> [SOURCE INFORMATION]:
┌────────

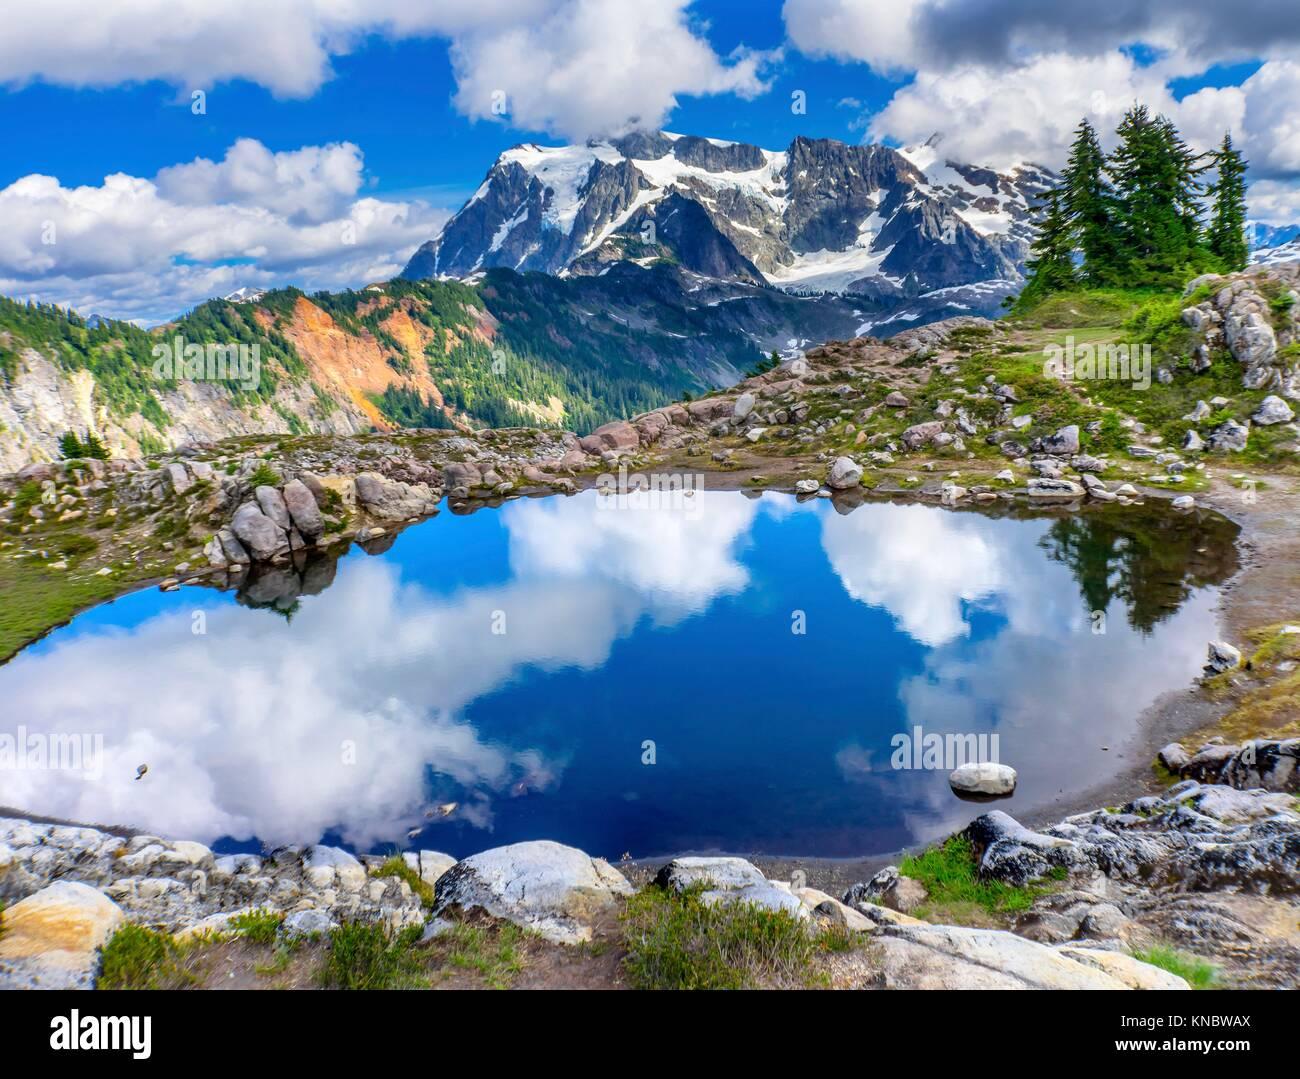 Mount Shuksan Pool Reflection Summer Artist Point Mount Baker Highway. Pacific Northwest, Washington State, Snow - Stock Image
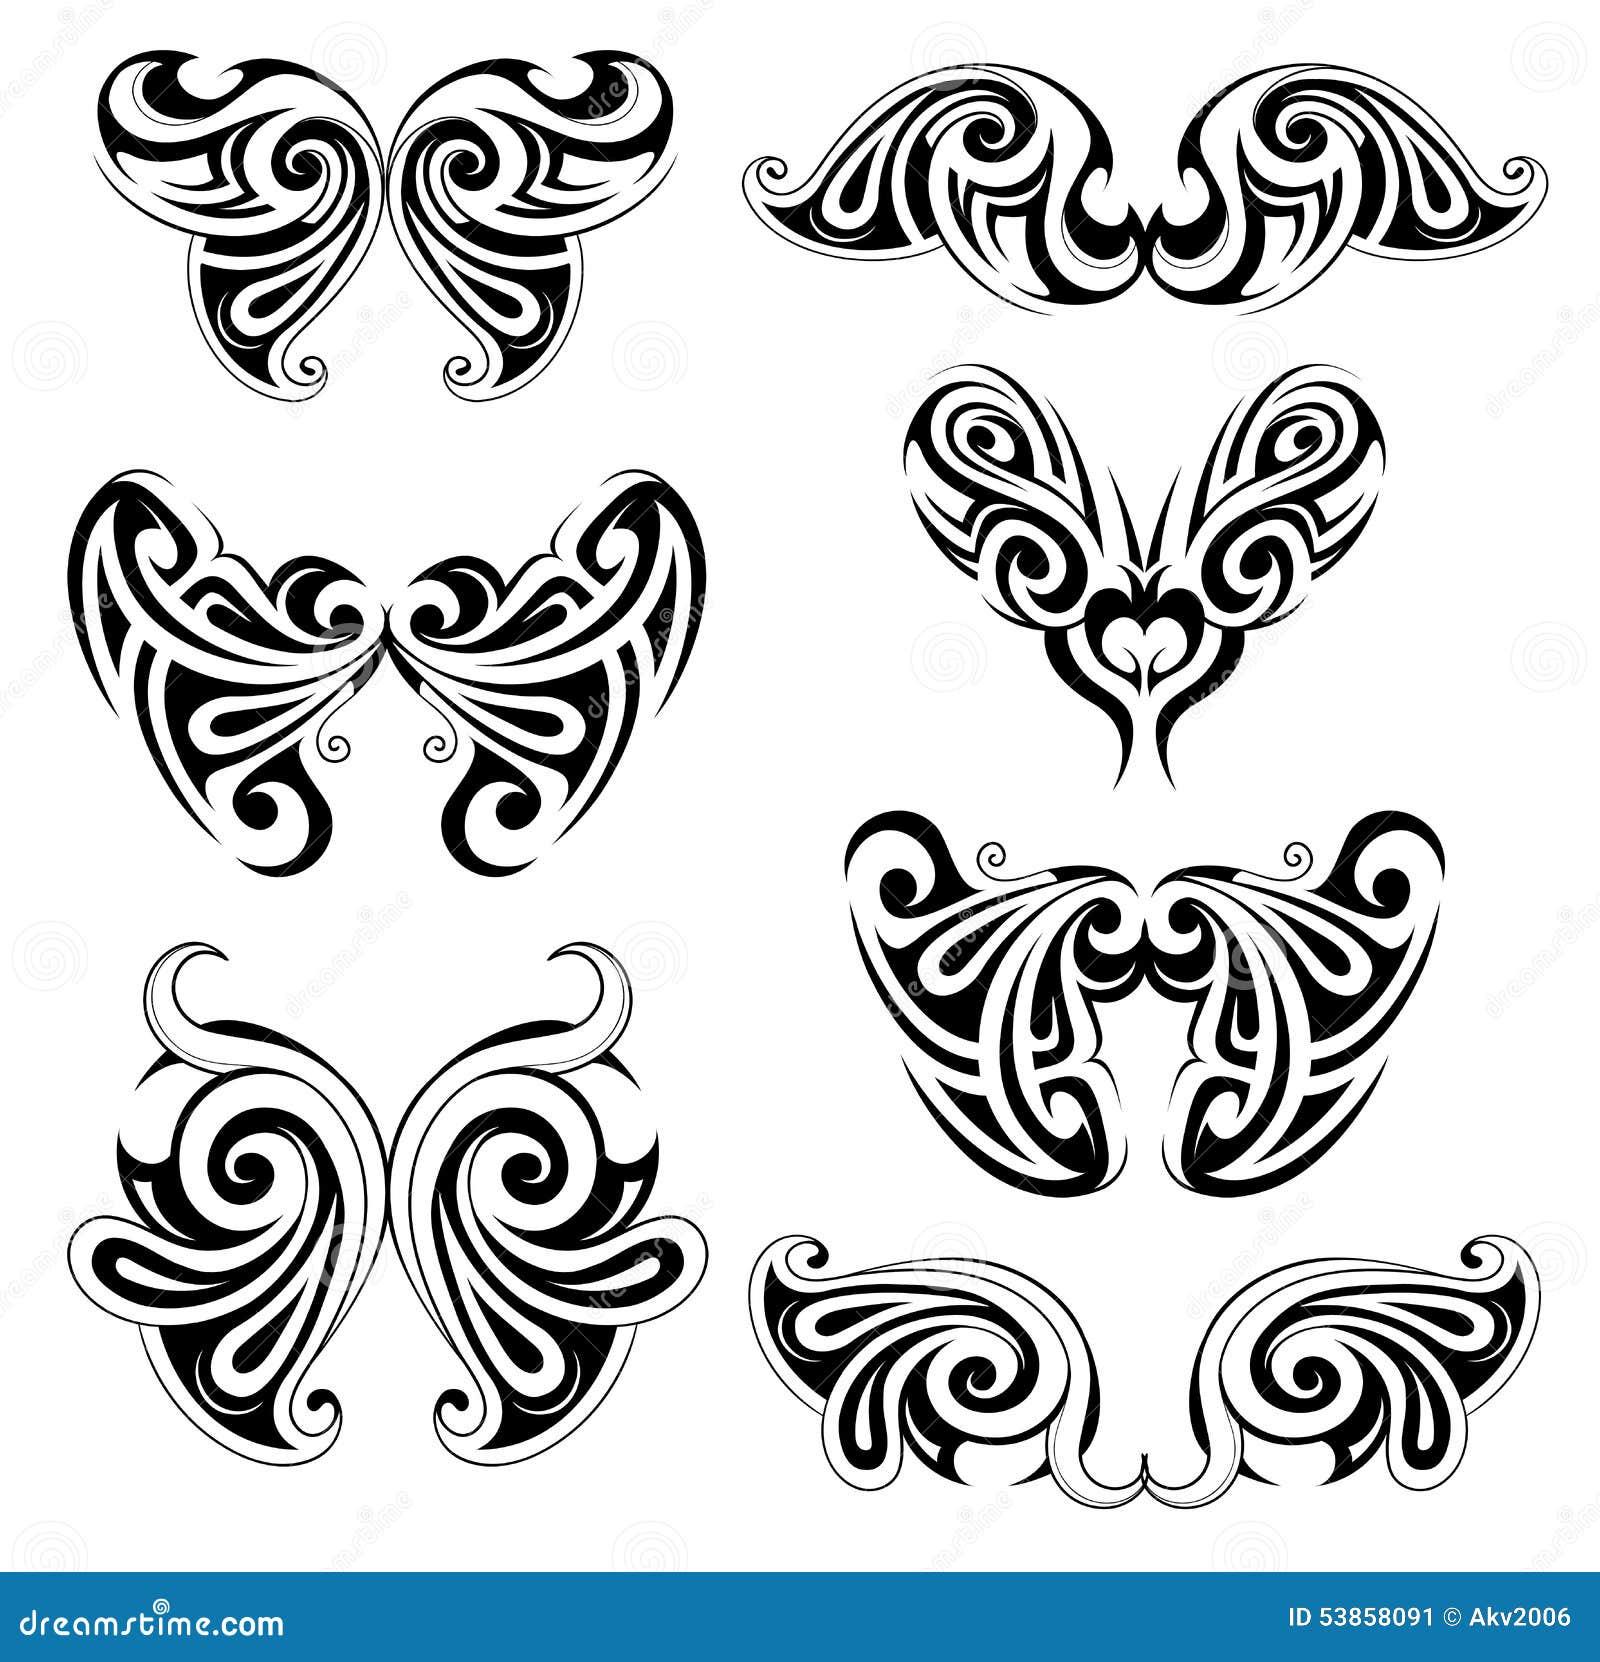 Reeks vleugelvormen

└────────
┌────────

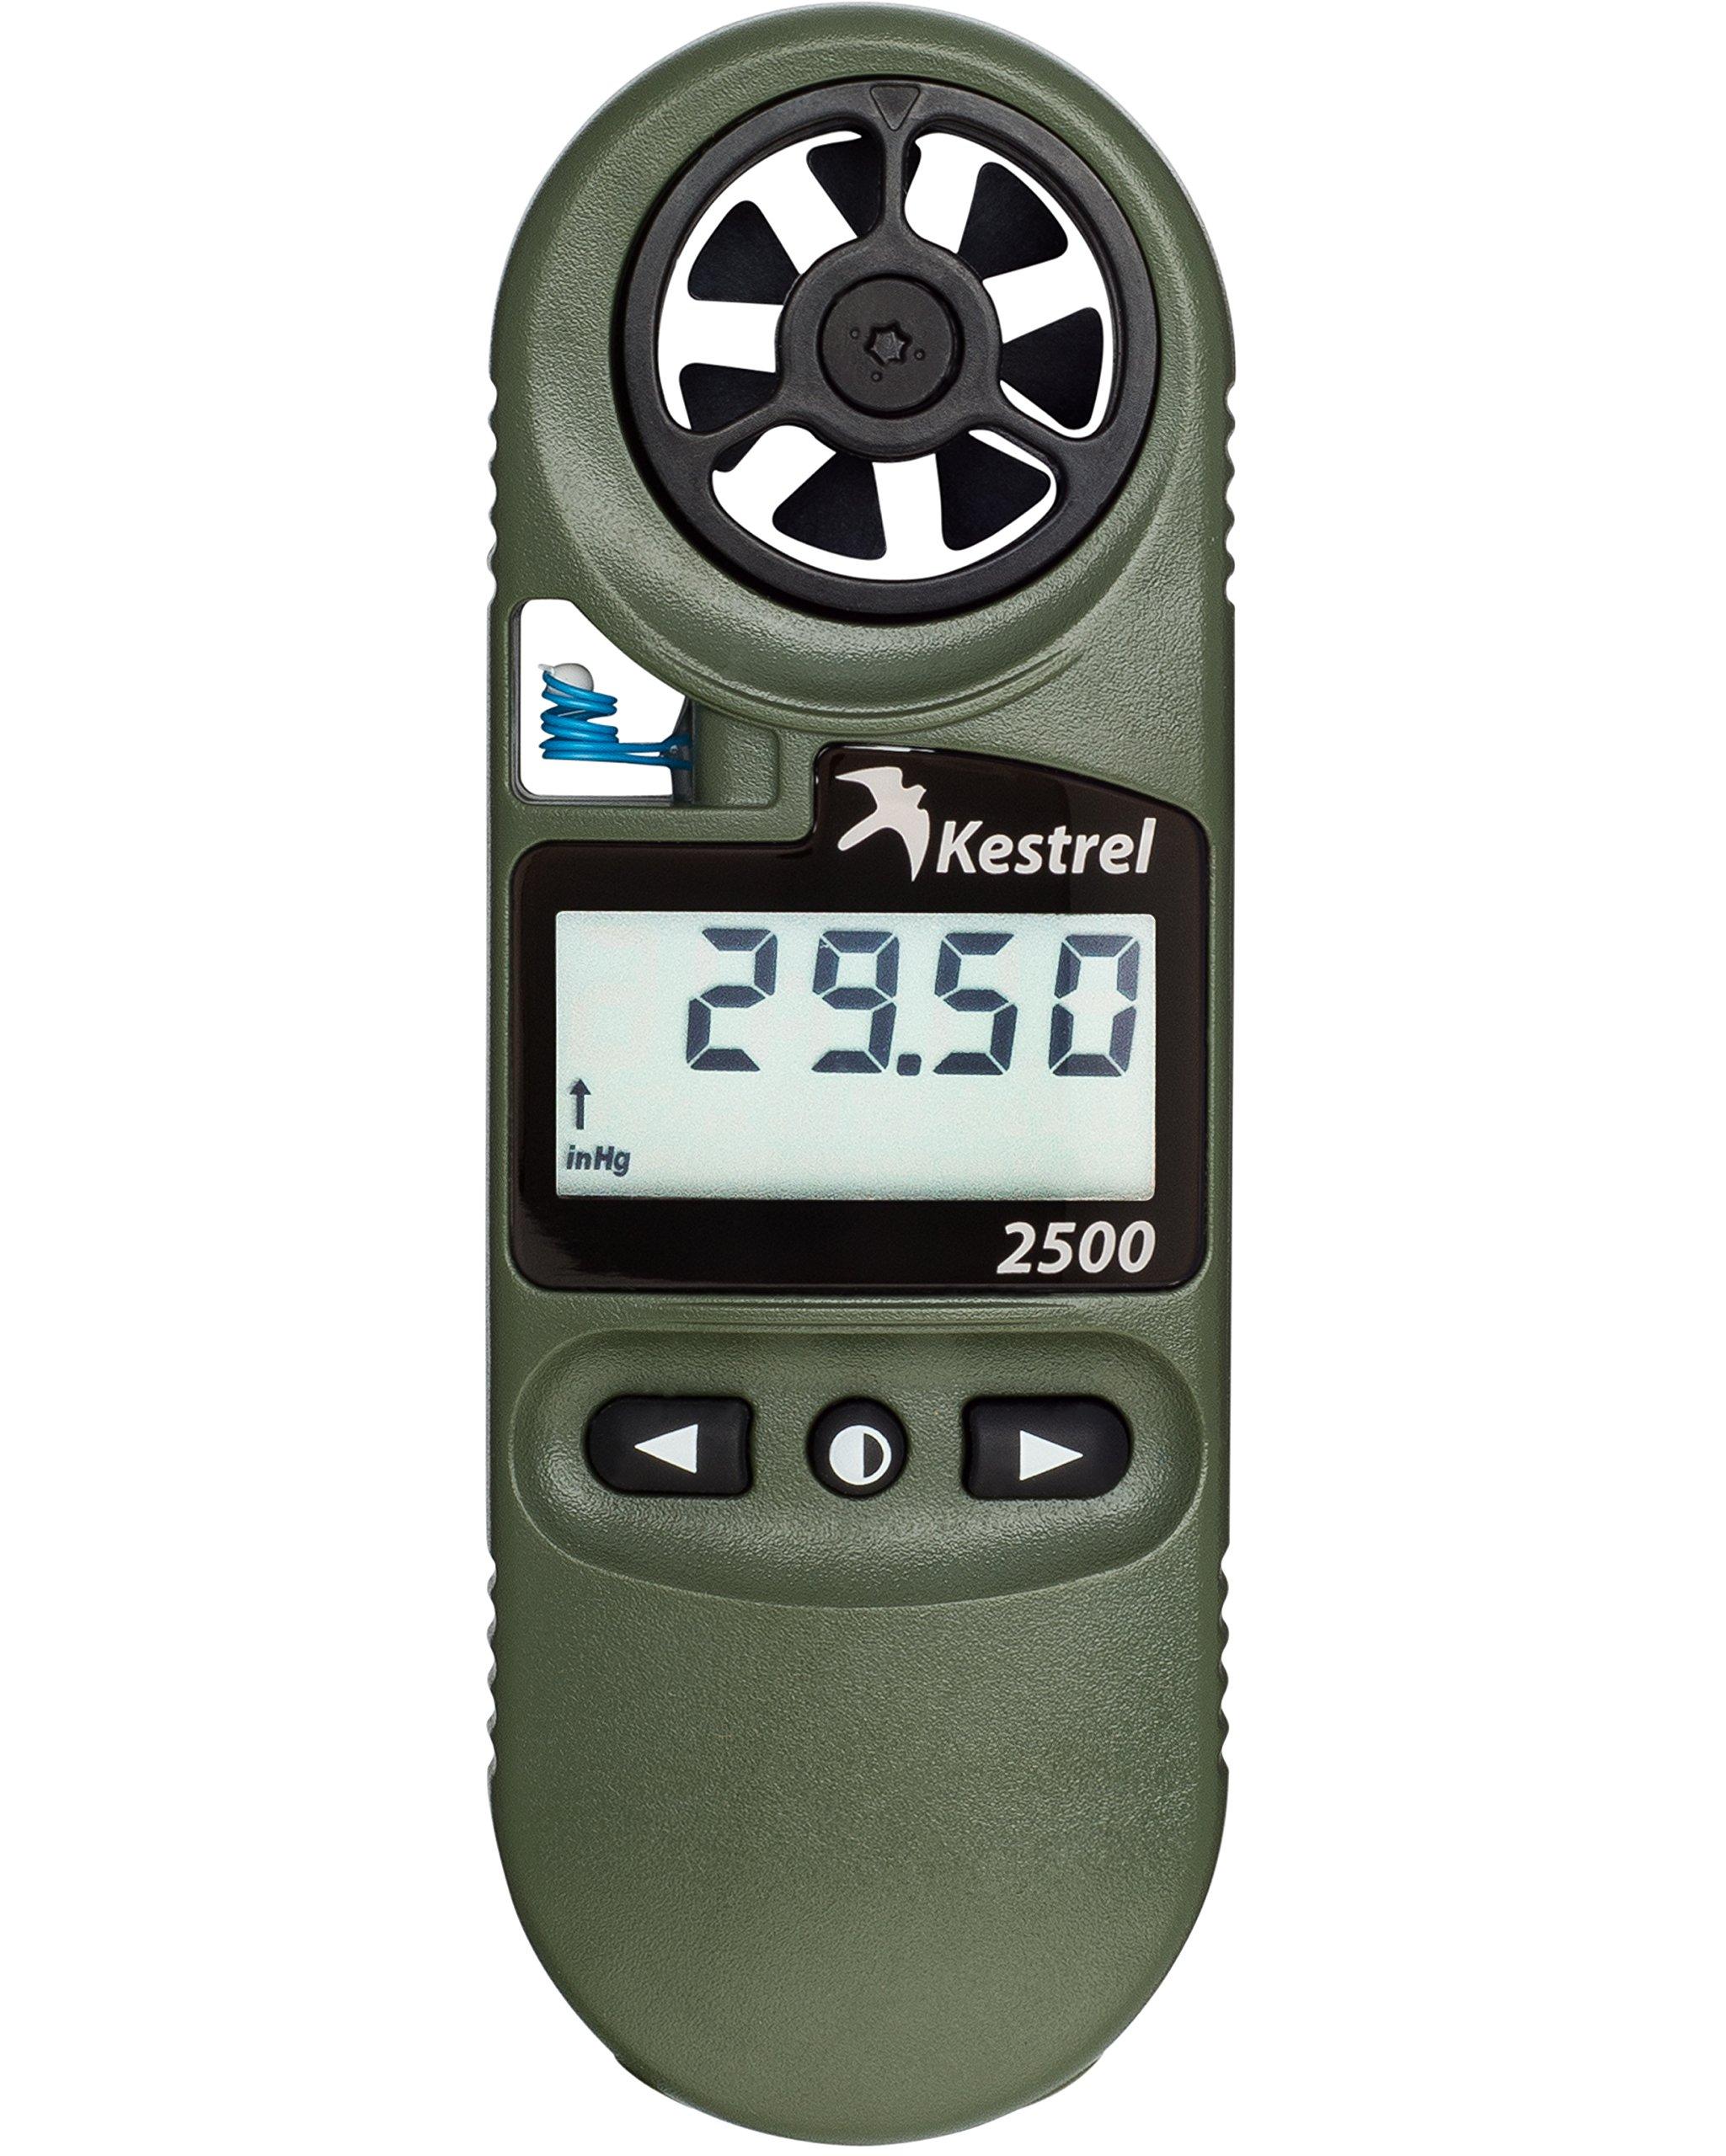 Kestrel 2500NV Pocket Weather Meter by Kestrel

└────────
┌────────

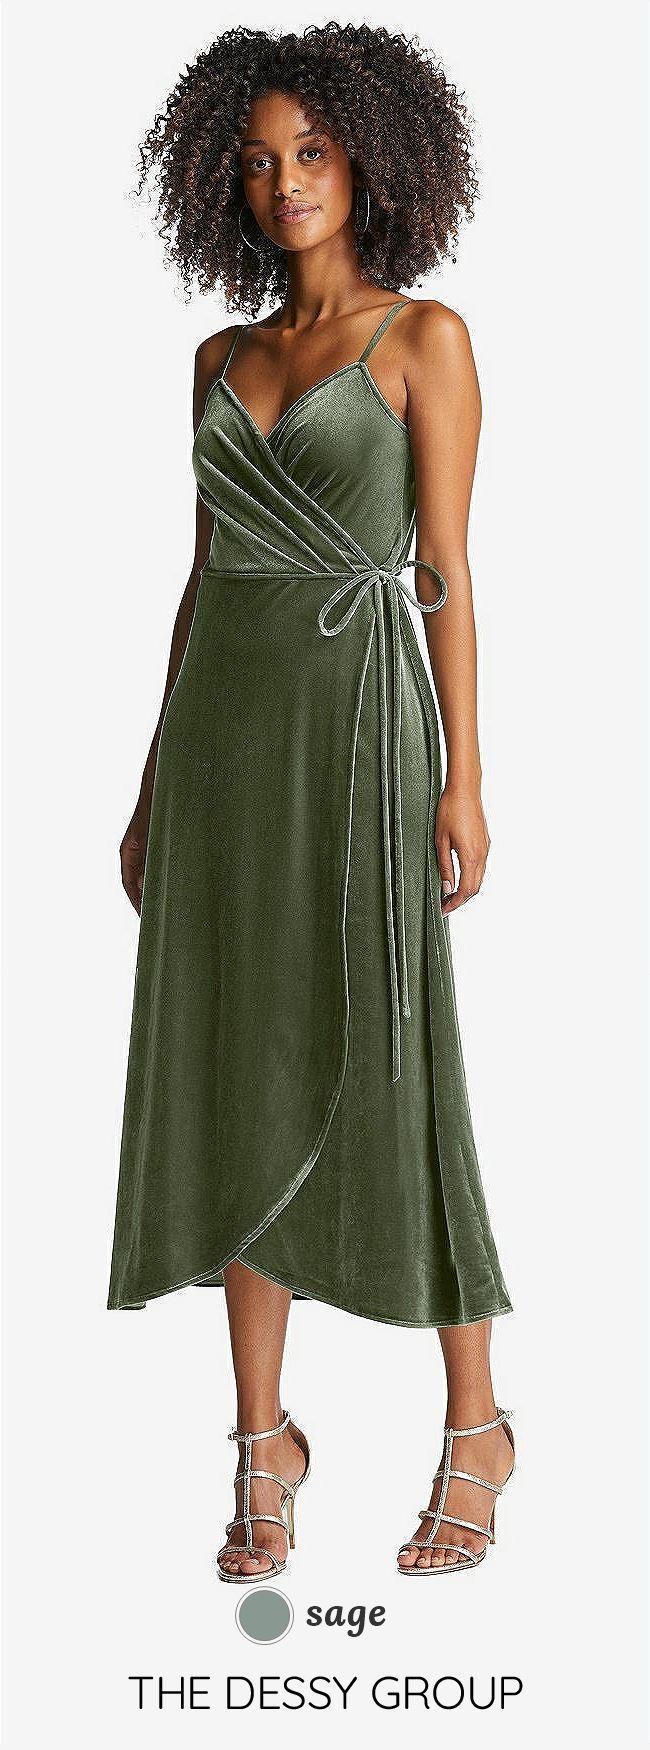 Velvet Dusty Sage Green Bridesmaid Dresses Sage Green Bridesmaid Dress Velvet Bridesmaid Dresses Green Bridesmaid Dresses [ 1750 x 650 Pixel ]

└────────

> [WHAT YOU WILL DO]: Nothing but the lines from the one with "Mount Shuksan Pool" up to and including the one with "Reeks vleugelvormen" should be printed, exactly as they read above. Please keep the pictures out.

> [RESULT OF THIS EXERCISE]:
 Mount Shuksan Pool Reflection Summer Artist Point Mount Baker Highway. Pacific Northwest, Washington State, Snow - Stock Image
 Reeks vleugelvormen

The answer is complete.